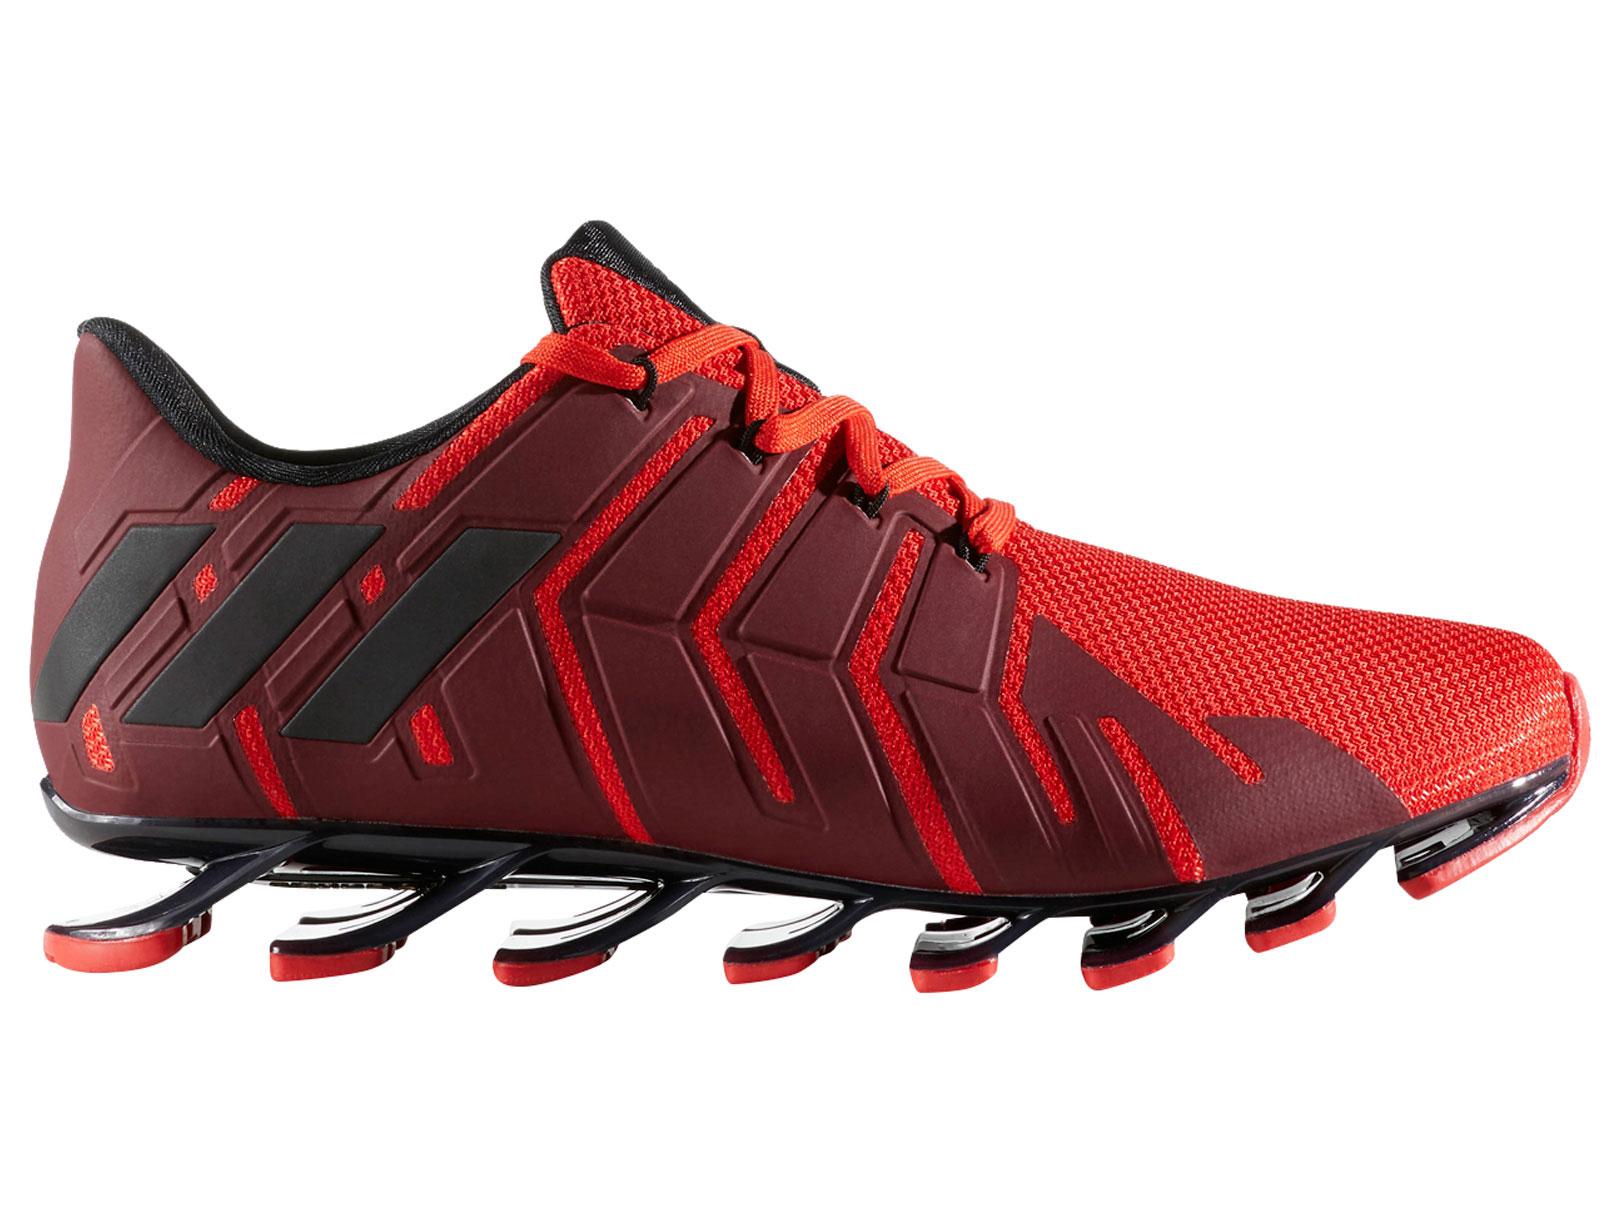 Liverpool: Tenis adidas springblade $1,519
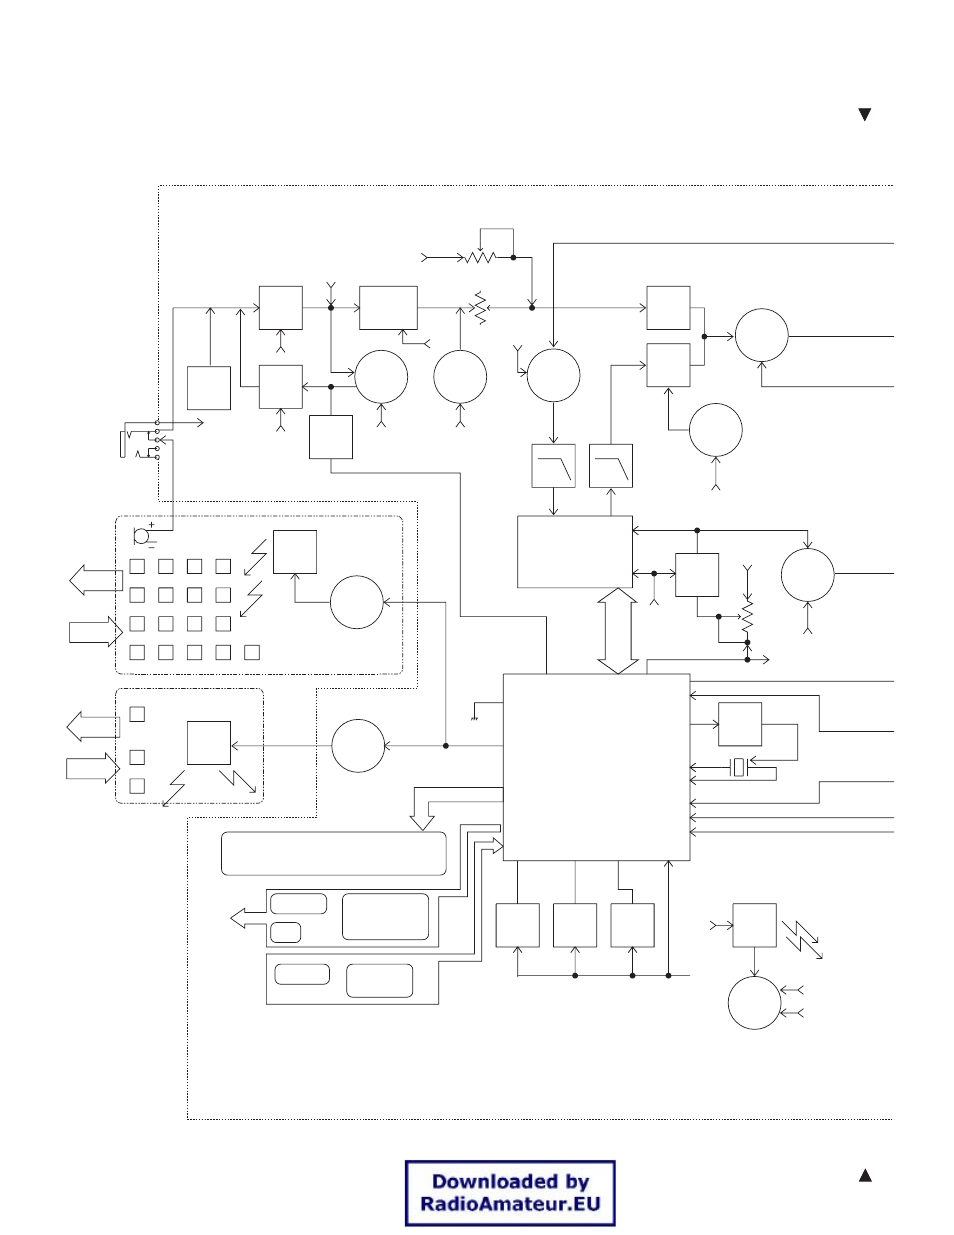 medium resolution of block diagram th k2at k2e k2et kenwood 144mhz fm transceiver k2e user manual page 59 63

○ ○ ○ ○ ○

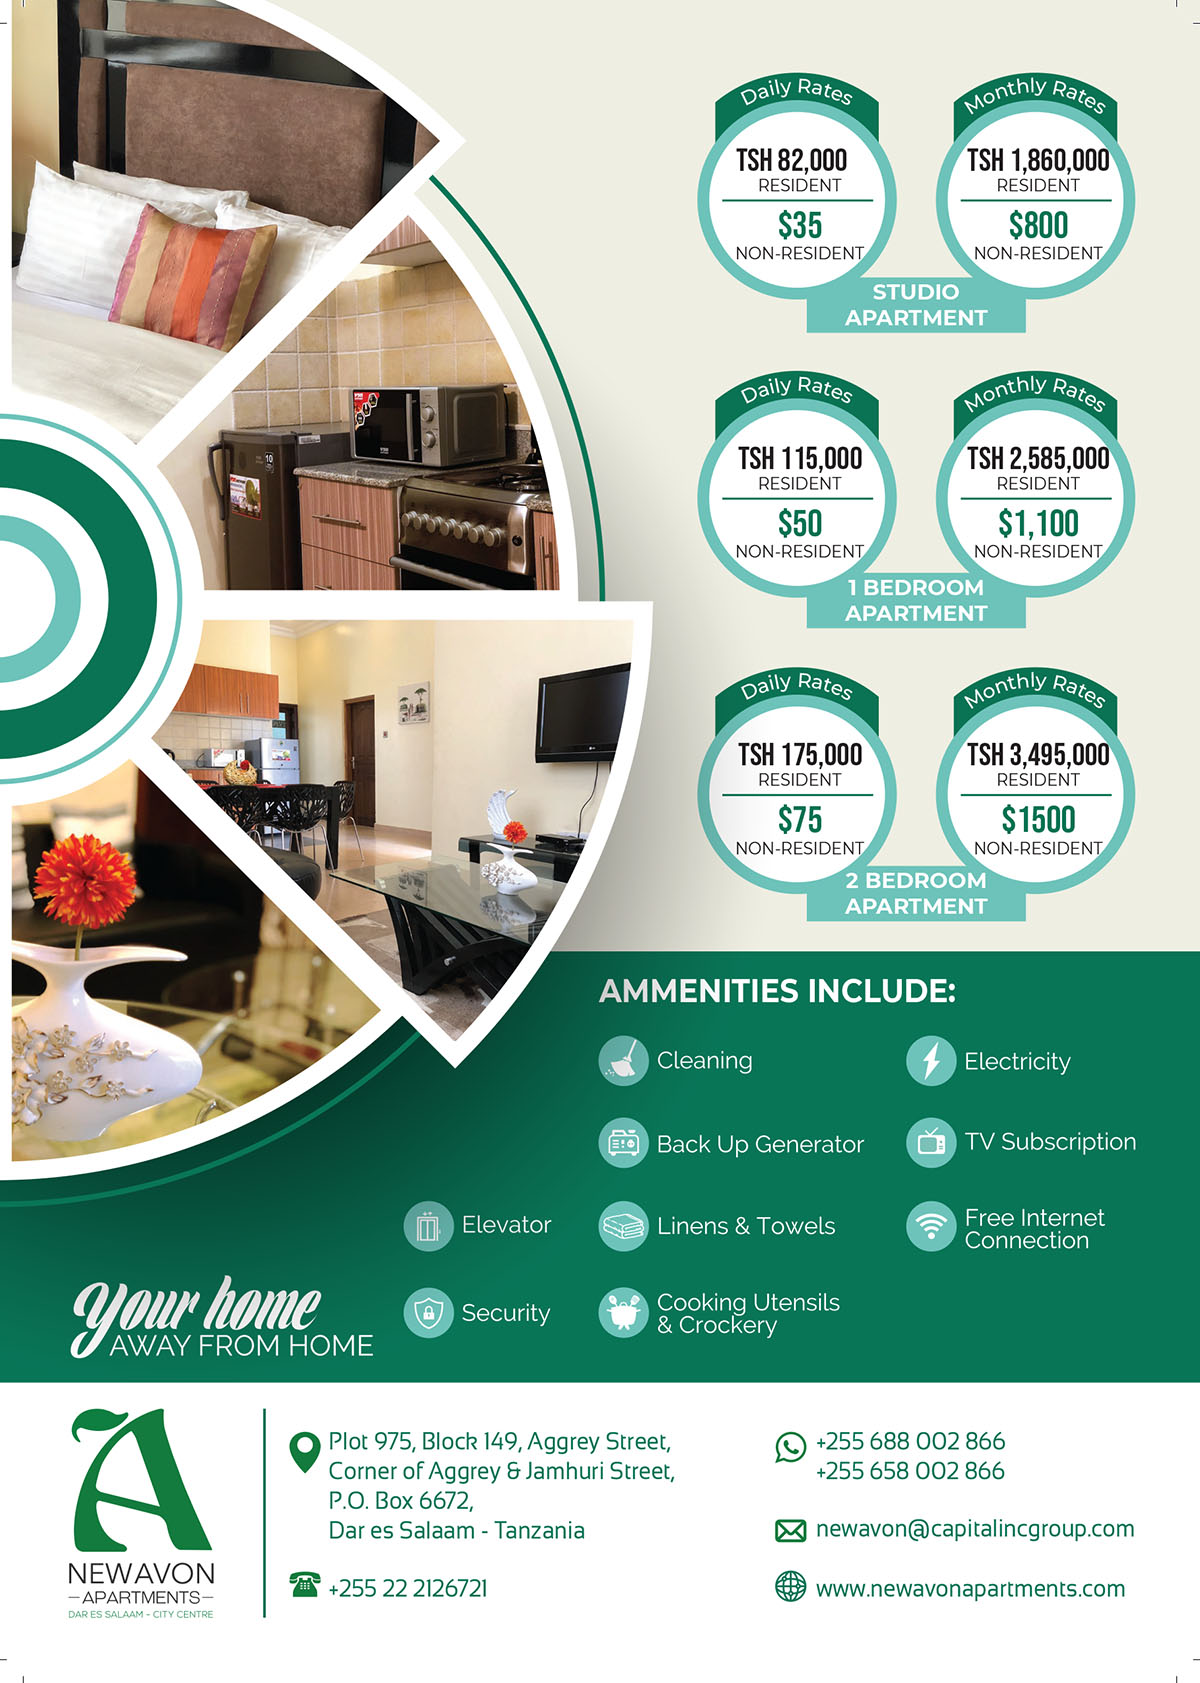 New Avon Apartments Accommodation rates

○ ○ ○ ○ ○

● TASK PROMPT
Within the entries above, the lines from the one containing "Liverpool: Tenis adidas springblade $1,519" through the one containing "medium resolution of" are to be transcribed exactly, ends included, pictures excluded.

● OUTPUT BELOW
 Liverpool: Tenis adidas springblade $1,519
 medium resolution of block diagram th k2at k2e k2et kenwood 144mhz fm transceiver k2e user manual page 59 63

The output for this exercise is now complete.